Your goal:
Drop the pictures and restate the rest of the listing word for word.

-- Exercise data follows --

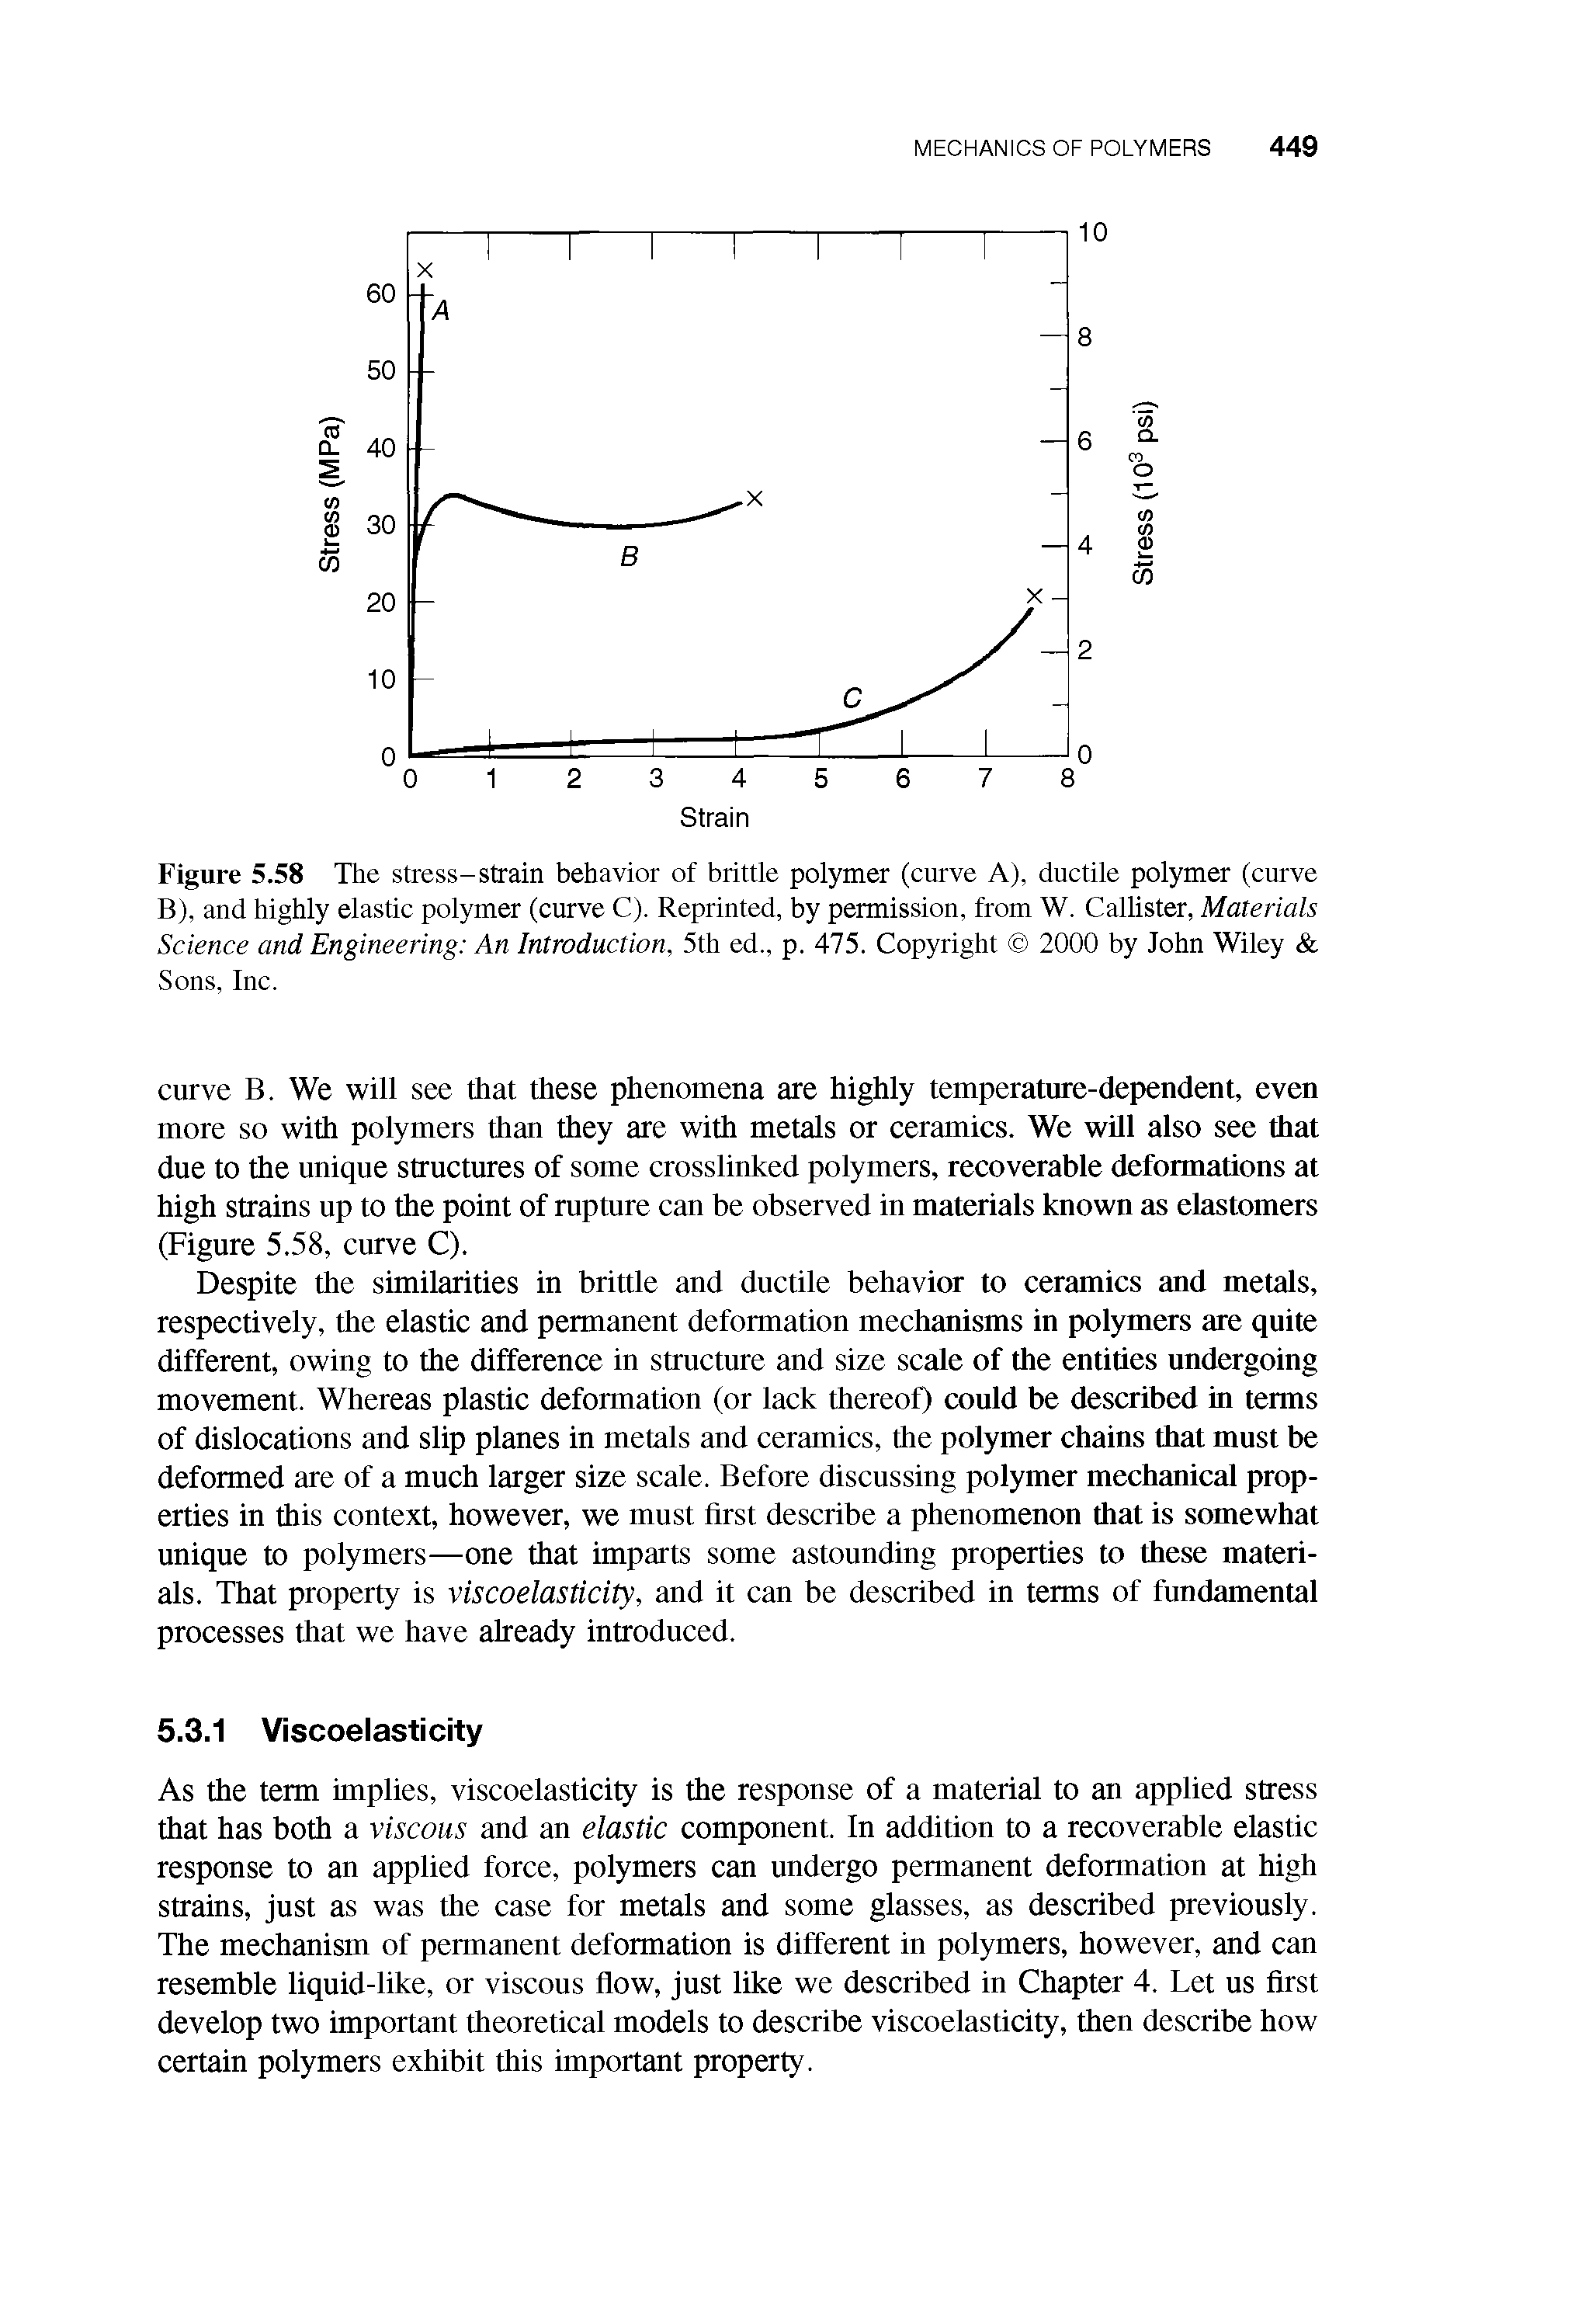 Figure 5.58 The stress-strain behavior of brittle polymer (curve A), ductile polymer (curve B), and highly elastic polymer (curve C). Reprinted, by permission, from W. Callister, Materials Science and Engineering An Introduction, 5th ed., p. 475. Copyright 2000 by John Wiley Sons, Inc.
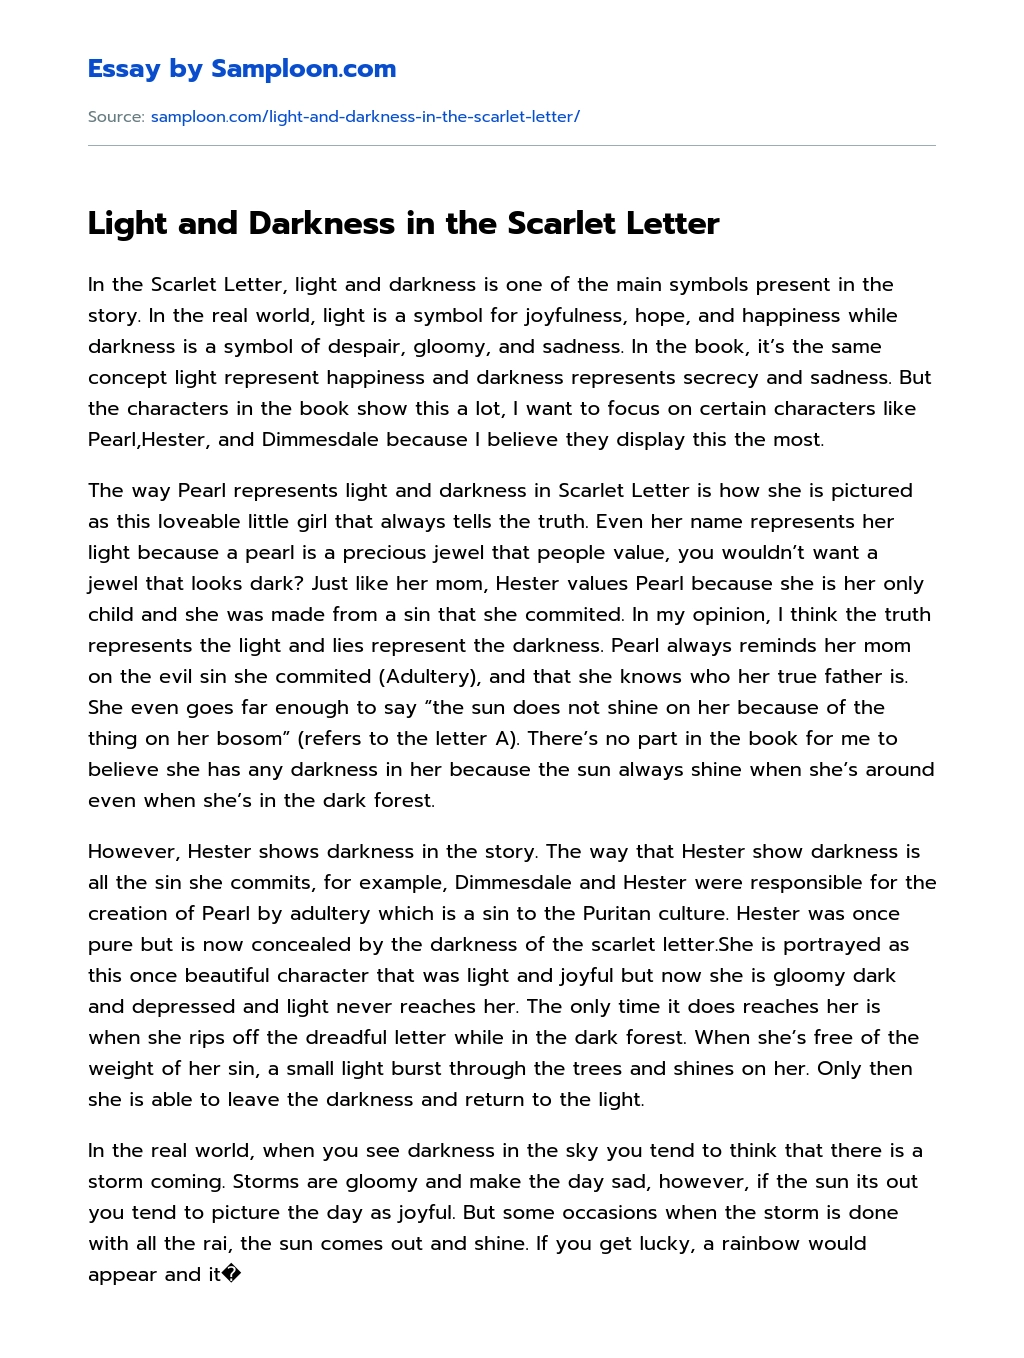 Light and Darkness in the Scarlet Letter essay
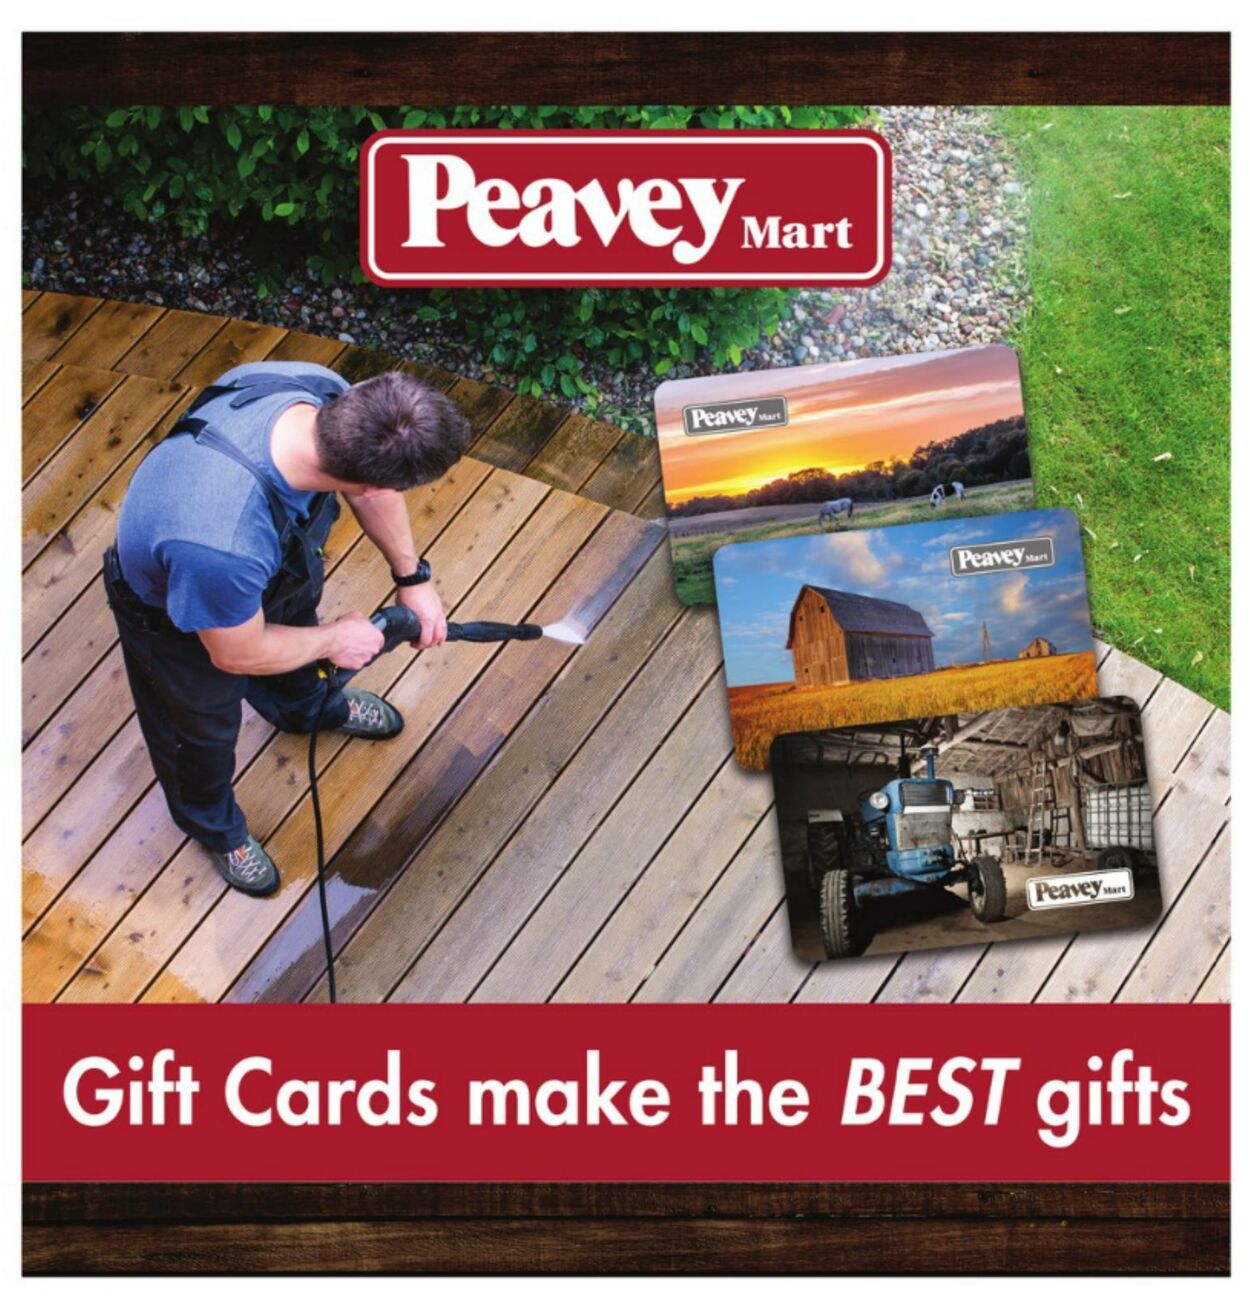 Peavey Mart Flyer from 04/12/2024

-- Exercise data concluded --

Written answer:
 Figure 5.58 The stress-strain behavior of brittle polymer (curve A), ductile polymer (curve B), and highly elastic polymer (curve C). Reprinted, by permission, from W. Callister, Materials Science and Engineering An Introduction, 5th ed., p. 475. Copyright 2000 by John Wiley Sons, Inc.
 Light and Darkness in the Scarlet Letter essay
 Peavey Mart Flyer from 04/12/2024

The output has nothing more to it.